Das Lehmgemisch erscheint mir besser geeignet als die Erde. Meine Gonnére zeigt mit Erde eigentümliche Blattverfärbungen. 
Ich werde sie auch noch in ein Lehmgemisch umsetzen, wenn ich genügend davon zusammenbekommen.
Im ersten Jahr würde ich persönlich nicht gleich noch zusätzlich düngen. (erstmal abwarten, wie sie sich macht)
Ich hab auch schon in diesem Jahr umgetopft und keinen Dünger dazu gegeben.
Die im letzten Jahr umgetopfte Seerose kam bei mir aus dem Blätterbilden fast nicht mehr raus vor lauter Nährstoffen (ohne zusätzlichen Depotdünger).
Ist aber sicherlich auch eine Frage der Lehmmenge im Gemisch


----------



## StefanS (29. Apr. 2006)

*AW: möchte Seerose heute noch umtopfen*

Tja, so hat wohl jeder seine eigenen Erfahrungen. Meine Seerosen bekommen *immer* Depotdünger mit in die Schale (die __ Gonnere wächst ausgepflanzt und bekommt deshalb keinen Dünger - soll aber auch Blüten und keine Blätter treiben...). Bisher hat es nie geschadet, ganz im Gegenteil. Und ich habe eine Menge Seerosen.

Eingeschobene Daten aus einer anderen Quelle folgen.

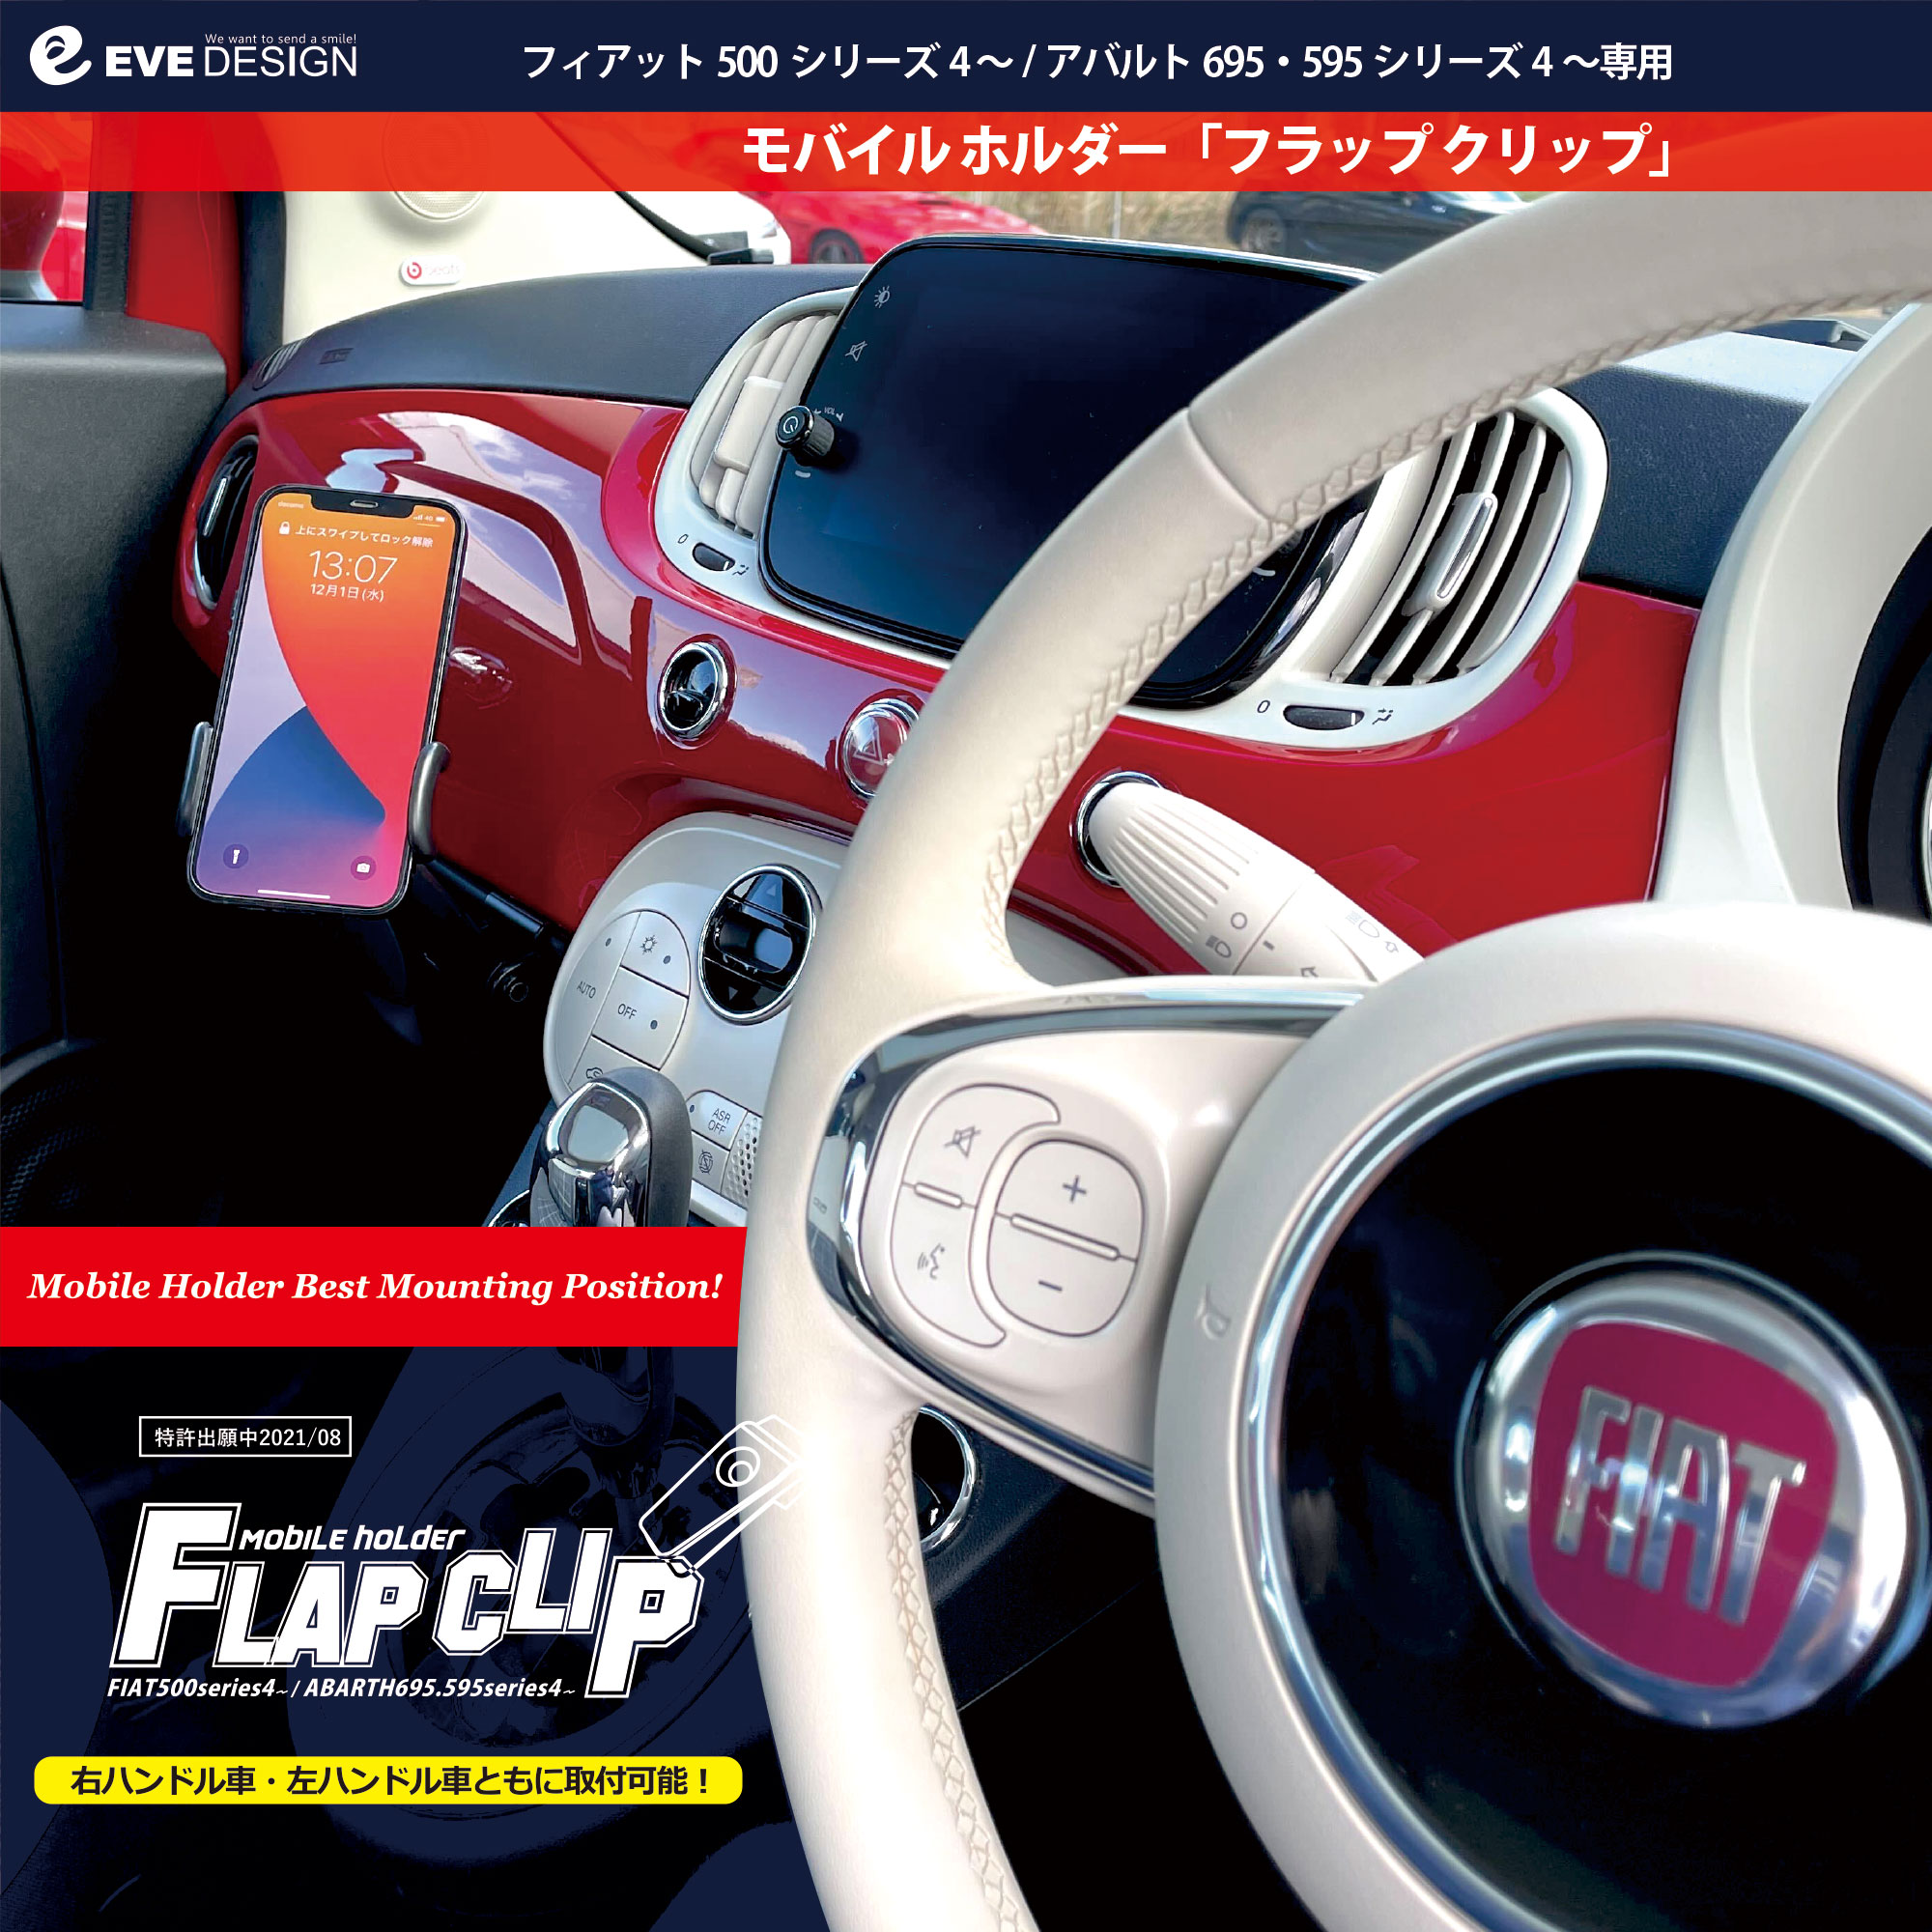 正規品 フィアット500 FIAT500 シリーズ4〜専用 モバイルホルダー フラップクリップ MHF-M1 イブ

Musst Du also selbst entscheiden.

Beste Grüsse
Stefan


----------



## jochen (29. Apr. 2006)

*AW: möchte Seerose heute noch umtopfen*

Hallo ...

Danke für die schnellen Antworten.... 

Ich werde sie in das Lehmgemisch setzen, Dünger gebe ich zu, da die Seerose schon zwei Jahre in einen Miniteich (50cm hoher Mörtelkübel) verbrachte, im Ersten Jahr blühte Sie, letztes Jahr leider nicht.

Als Pflanzgefäß nehme ich einen 12ltr. Baueimer den ich mit etwas Korkrinde (die ich mit Draht befestige) tarne.

Heute haben wir ein verrücktes Wetter, eben hatten wir noch Hagelschauer, jetzt strahlenden Sonnenschein.
Heute Früh waren die Wiesen mit Schnee gezuckert.
Eben Aprilwetter....


----------



## Berndt (3. Mai 2006)

*AW: möchte Seerose heute noch umtopfen*

Hallo.....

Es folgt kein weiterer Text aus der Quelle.